Updating of a Metal texture in every frame

Hi,

We need to update some managed texture from system memory to GPU memory in every frame. Metal.

Problem: it seems that a texture still can be busy for rendering of queued frames and when we update it for next frame a previous frame can be rendered incorrectly (texture looks wrong).

How I can guess when a texture is being completely processed and can be re-used again? I don't know how long a queue of frames in Metal rendering.

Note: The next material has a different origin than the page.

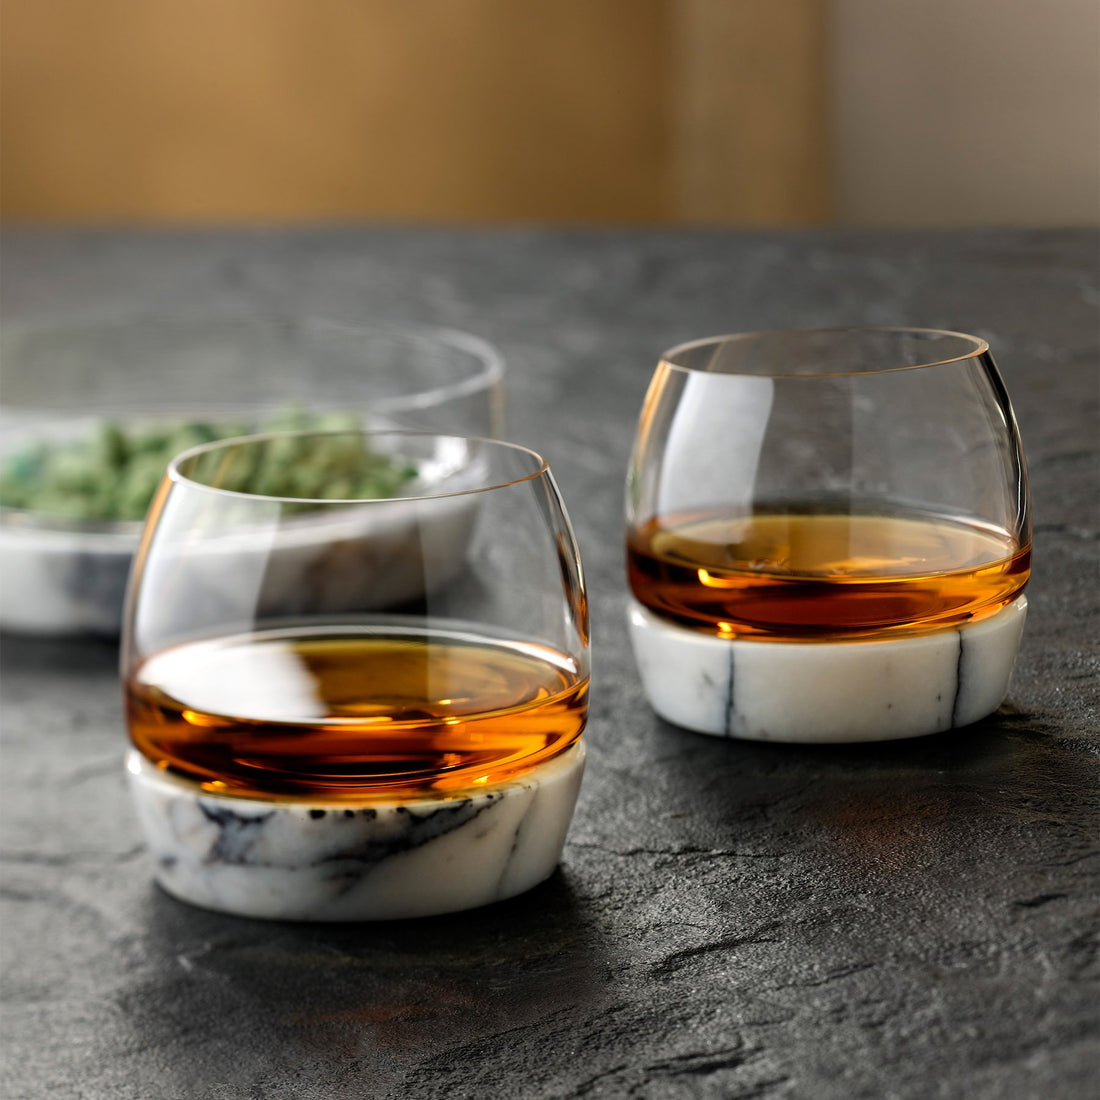 Bicchiere da whisky chill con base in marmo

It seems that DirectX can automatically create internal copies of a texture which we sent for rendering and we can start to modify the same texture for a next frame. How to do the same in Metal?
I thought the same thing...
Is "MTLTexture.replaceRegion" asynchronous or synchronous, or if it is asynchronous, is there a delegate?
but...
Due to the machine's convenience, I thought I had to wait until the next drawing timing, so I did it with a double buffer.
We call replaceRegion:mipmapLevel:withBytes:bytesPerRow:

Documentation: "This method immediately copies the pixel data into the texture. It does not synchronize against any GPU accesses to this texture. For example, if a command buffer includes read or write operations on a given texture, you must ensure that these operations complete before calling the replaceRegion:mipmapLevel:withBytes:bytesPerRow: method on the given texture. You can use the addCompletedHandler: method, waitUntilCompleted method, or custom semaphores to signal that a command buffer has completed execution."

According Apple's documentation, this function is synchronous. In a current frame we don't have anothr command buffer which has other operations with the same texture.

But we have previous frames which still may be in a queue for rendering and this texture can be busy (potentially).
But how we should guess that this texture is "busy"?
I would grateful for any advise.
Usually, you want to double- or triple- buffer so you're not waiting for the memory region to become available again. ie, make 3 textures and rotate between them so one is free to be updated, one is being enqueued, and one is being used for rendering at any given time.
Hi Ceylo, darknoon,

Thanks for your replies!

I think that double/tripple buffering could be a real explanation of this issue.

Also an article "Synchronizing Events Between a GPU and the CPU" also is a good idea. It's difficult to understand if we really should use these sync. events. I need to think more.

Right now, our app works fine with 3 textures in a series.